* _Exercise_
A faithful transcription of all the data, images excluded, is the required answer.

* _Data block_
* * *

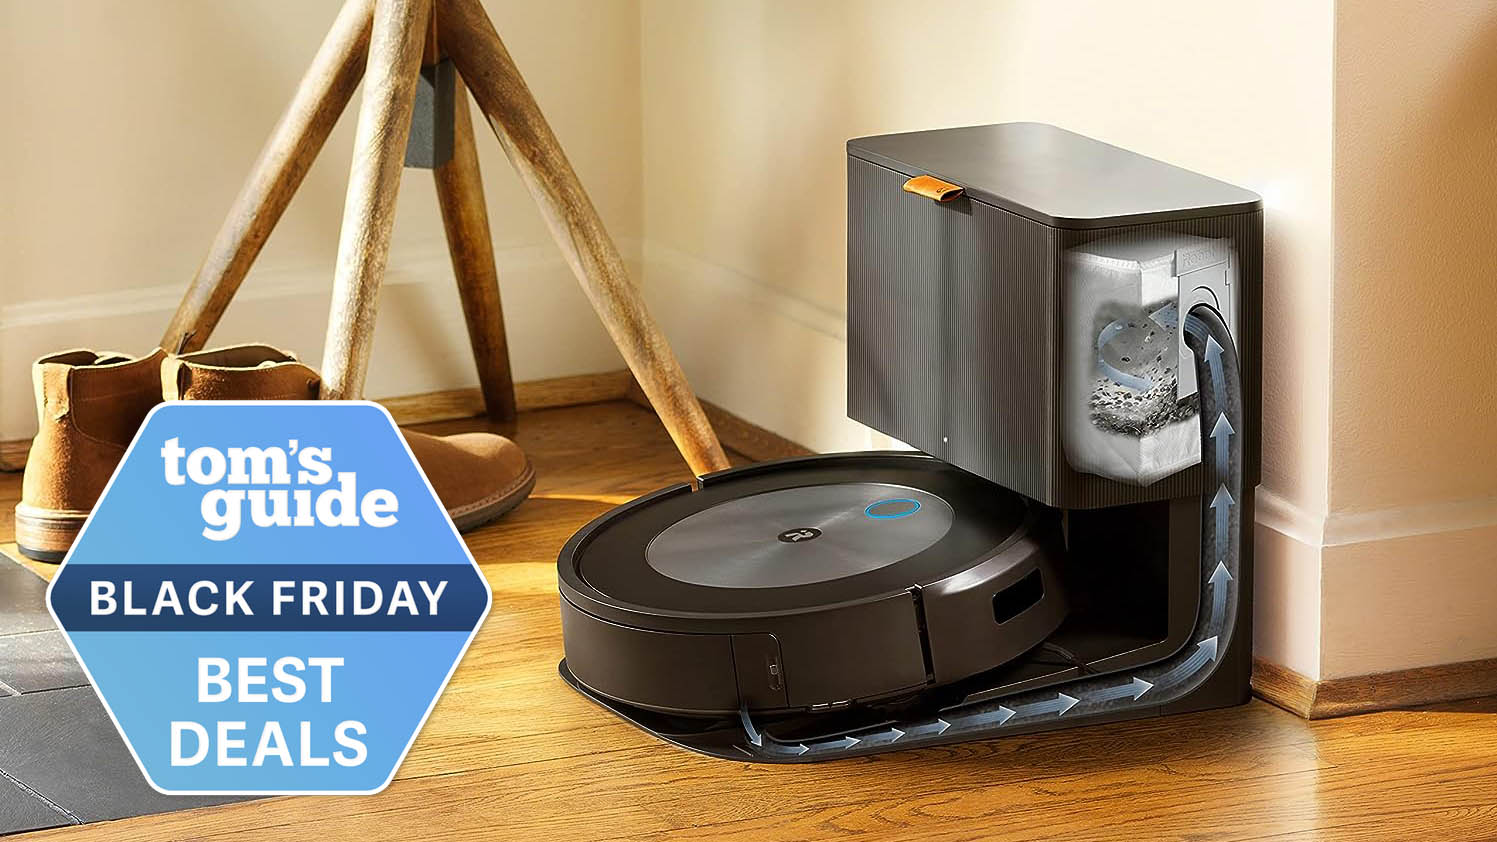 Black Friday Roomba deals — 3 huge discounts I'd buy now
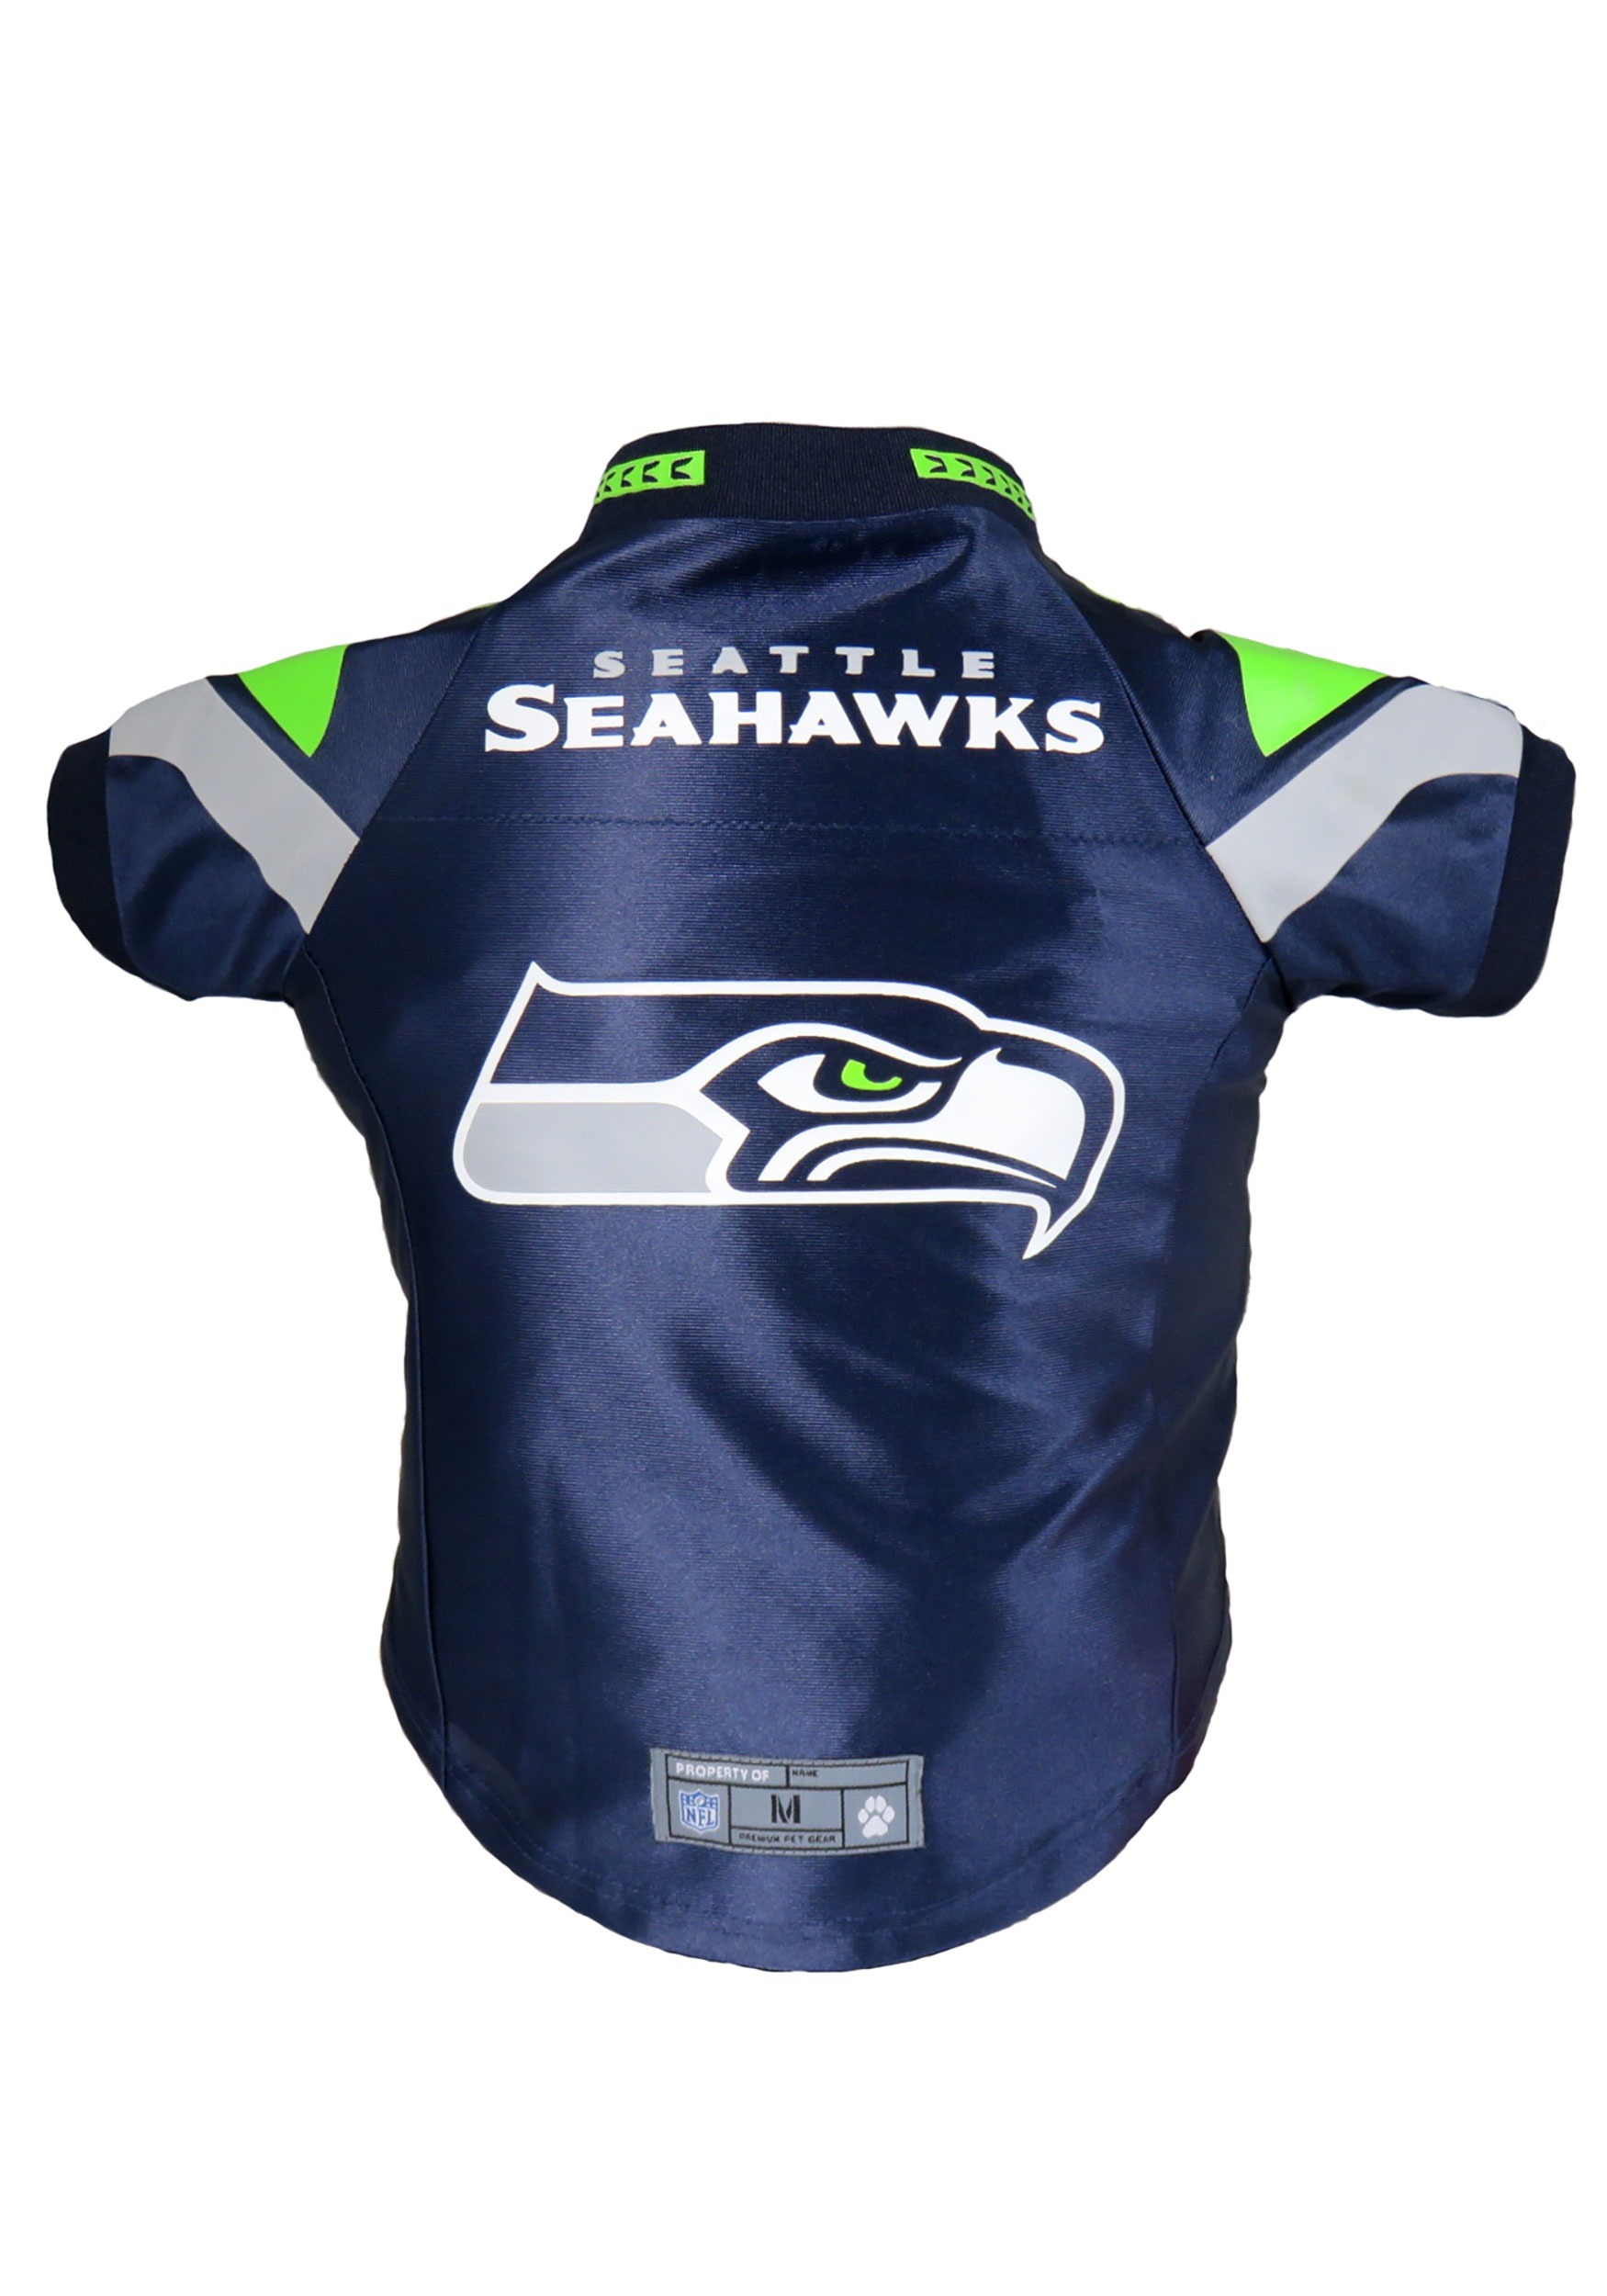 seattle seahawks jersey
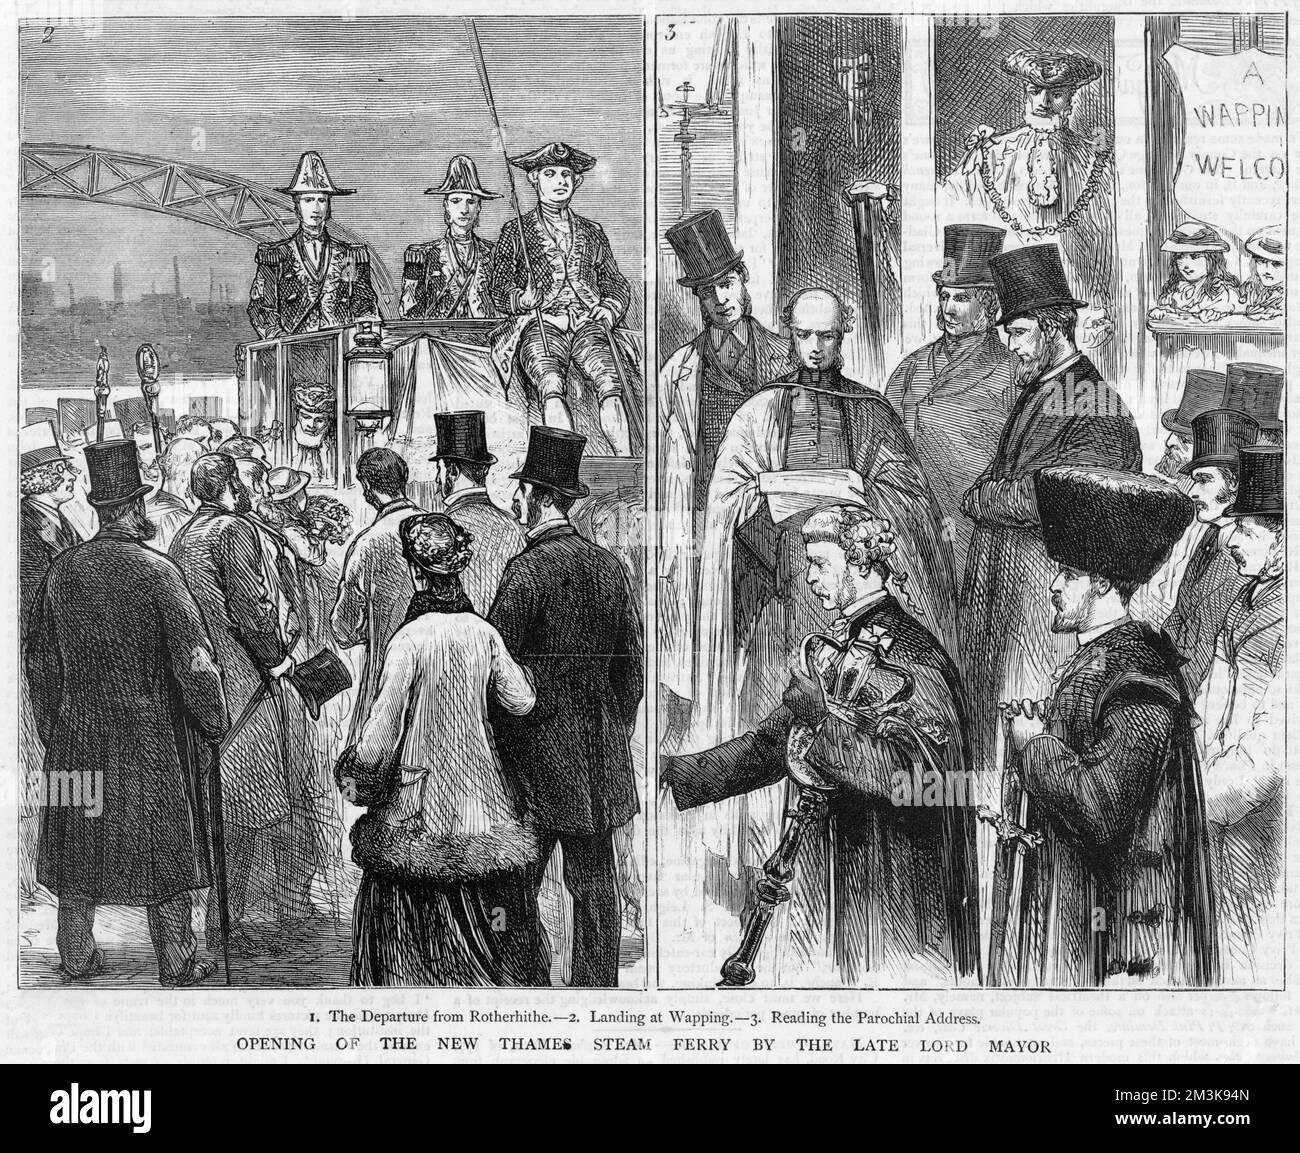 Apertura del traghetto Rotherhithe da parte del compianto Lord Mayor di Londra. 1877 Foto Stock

* * *

* _Written response_
 Black Friday Roomba deals — 3 huge discounts I'd buy now
 seattle seahawks jersey
 Apertura del traghetto Rotherhithe da parte del compianto Lord Mayor di Londra. 1877 Foto Stock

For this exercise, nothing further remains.